In the final analysis, God permits divorce in regards to infidelity; and even in that, divorce should be the last resort if all other options have been exhausted, and no reconciliation can be made. The writer realizes that that is not the route that most will take if they have been betrayed in their marriage. They’ll want a divorce and they have the biblical right to make that choice.

Those that fit this category who are Christians are allowed to remarry in the Lord; that is you MUST marry a believer (I Corinthians 7:39).

                                                A believing and non believing spouse

There are instances were you have people get married and they’re both unbelievers. However, over time one becomes born again after hearing the truth of the gospel and the other remains unsaved. What do we do in these instances? Fortunately, the bible provides the answers.

In I Corinthians 7:12-16 it reads, “If any brother has a wife who does not believe, if she is willing to live with him, let him not divorce her. And a woman who has a husband who does not believe, if he is willing to live with her, let her not divorce him. For the unbelieving husband is sanctified by the wife, and the unbelieving wife is sanctified by the husband; otherwise your children would be unclean, but now they are holy. But if the unbeliever departs, let them depart; brother or sister is not under bondage in such cases. But God has called us to peace. For how do you know, O wife, whether you will save your husband? Or how do know, O husband, whether you will save your wife?”
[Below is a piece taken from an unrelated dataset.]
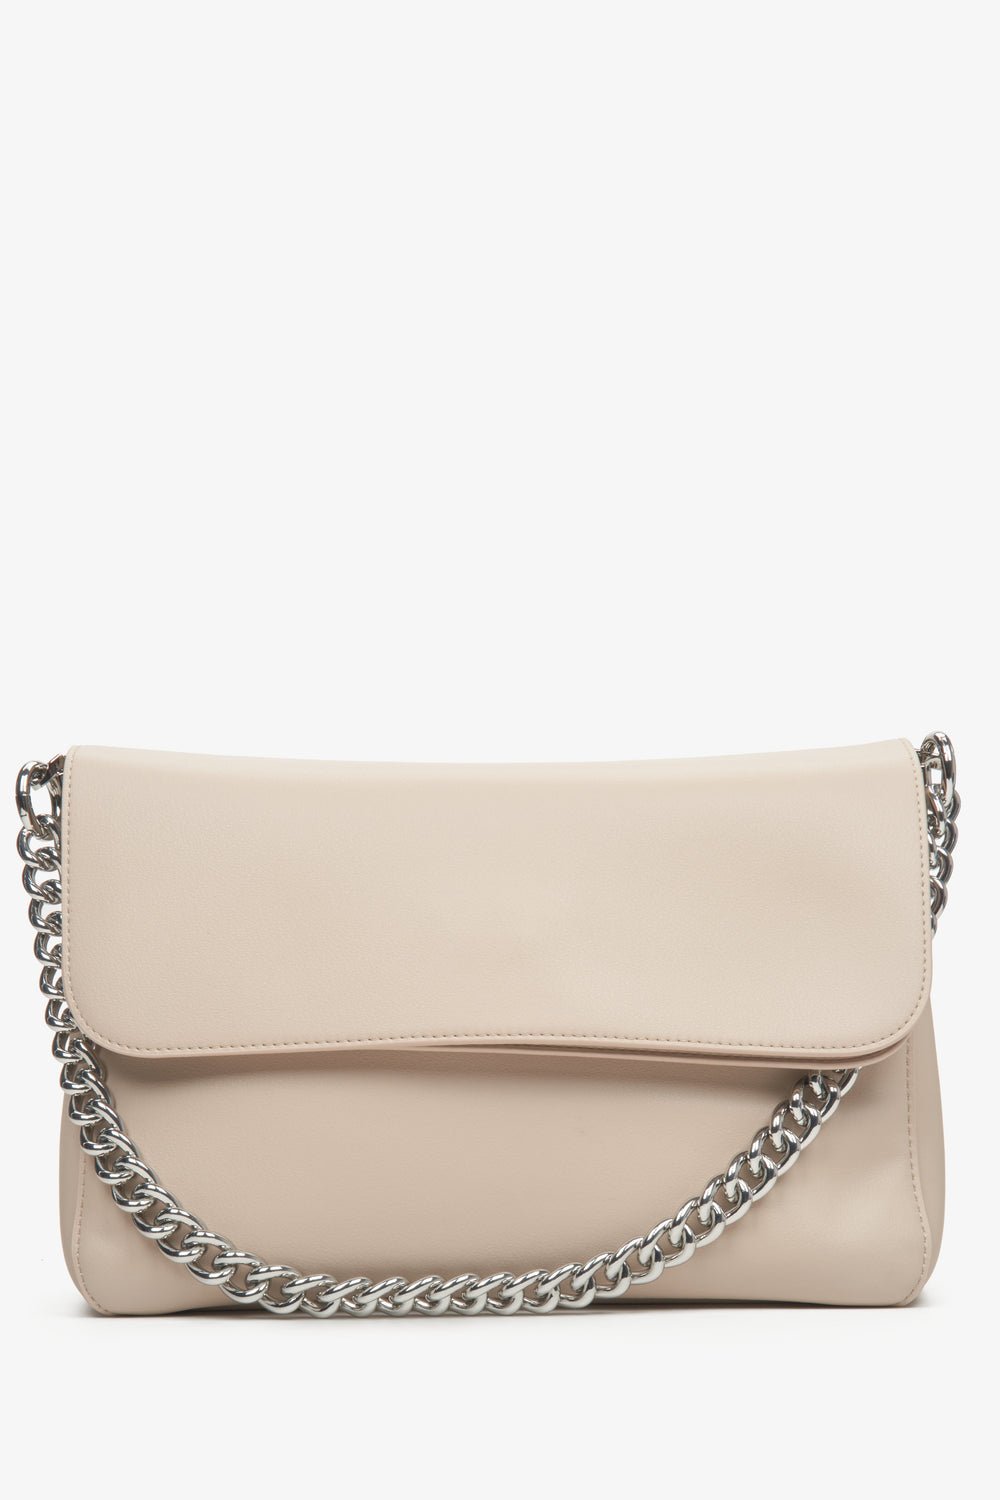 Women's Light Beige Crossbody Bag with Chain made of Genuine Leather Estro ER00113763.
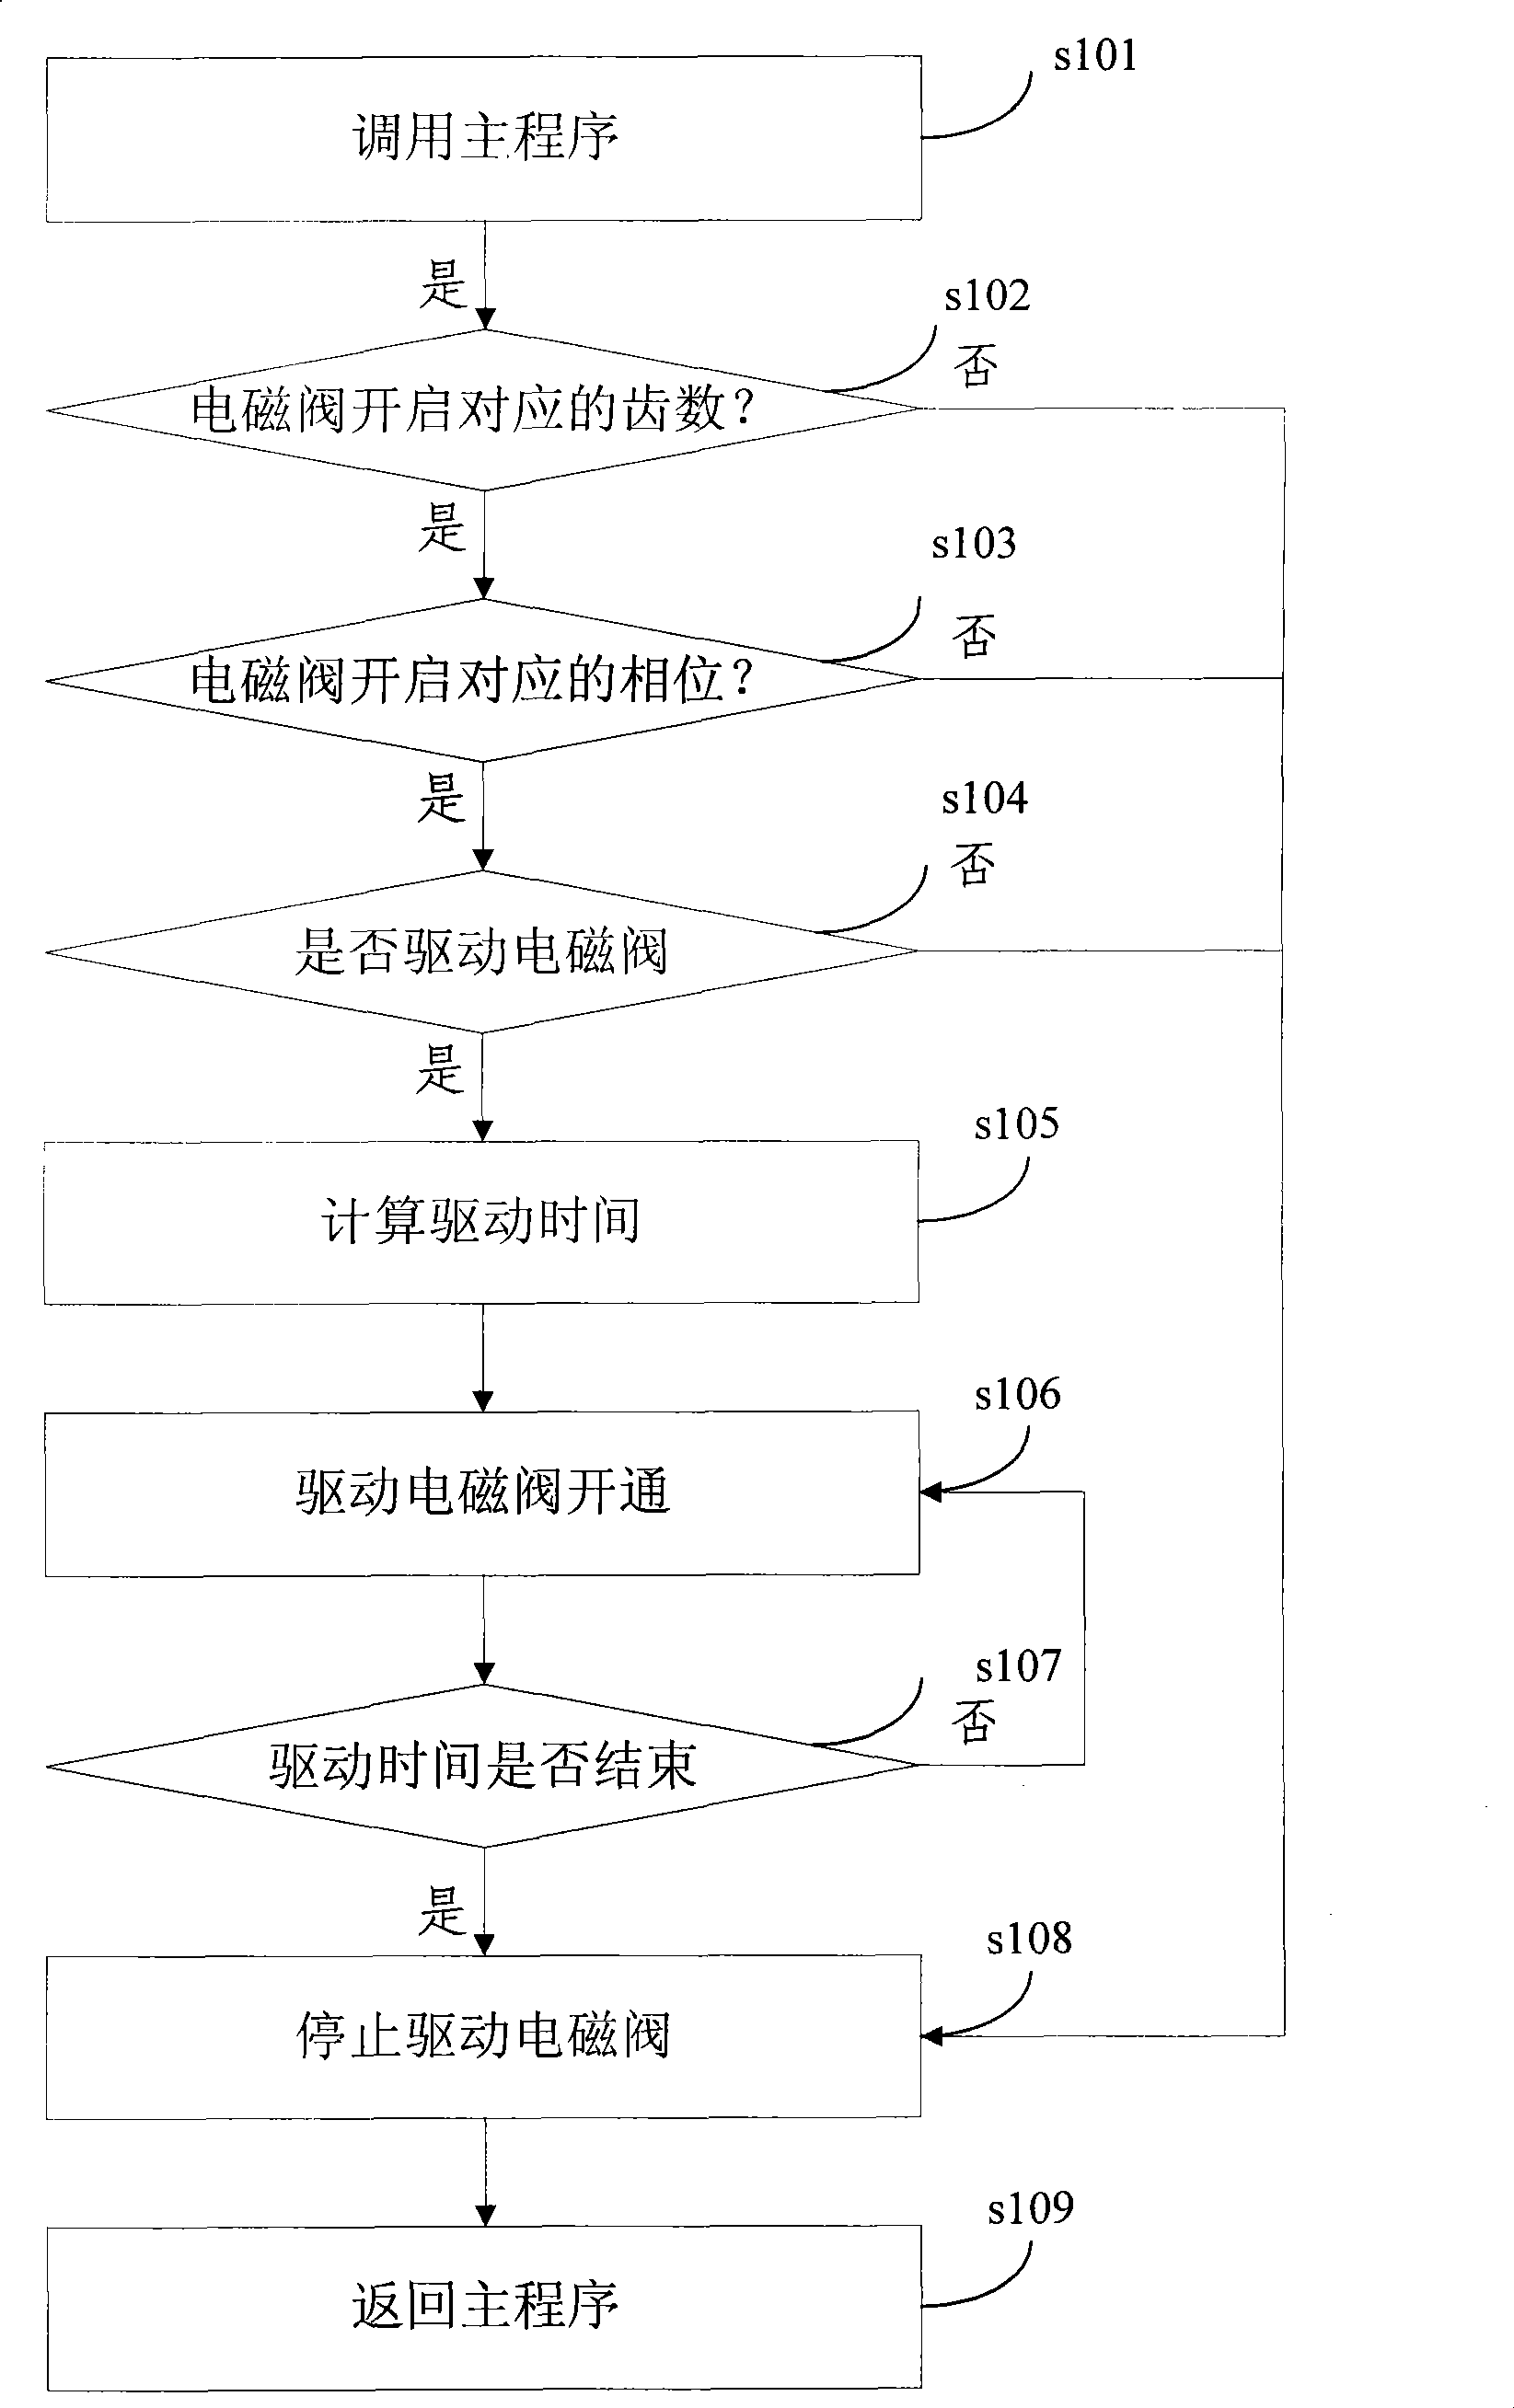 Idle speed control method for electric-controlled unit of motorcycle engine

These are straight forward answers to these marriage dilemmas. I will try my best to provide sensible commentary on the aforementioned verses.

Summing up the matter, the onus is on the believing spouse to be a witness to their unsaved partner so that they may hopefully one day turn to the Lord in true repentance and faith and be saved as they are. There are of course no guarantees because the unbelieving spouse may refuse the invitations to repent and may become so exacerbated by their spouse’s radical transformation lifestyle, their love turns cold due to the darkness in them vs. the light in their spouse and decide they want to dissolve the union. You have what I call a spiritual indifference or you become unequally yoked by default. God grants the divorce in such cases for the sake of peace he’s called us to (vs. 15).

The unfortunate result for the unbelieving spouse is that the sanctification they unknowingly enjoyed because of the saving grace that rested on and in the believer has been removed, and now they are in complete and total spiritual darkness; whereas the scenario for the believer is much better, they’re no longer bound to the union. They’re free to marry again, but only in the Lord (vs. 39). You must not be unequally yoked (II Corinthians 6:14-17).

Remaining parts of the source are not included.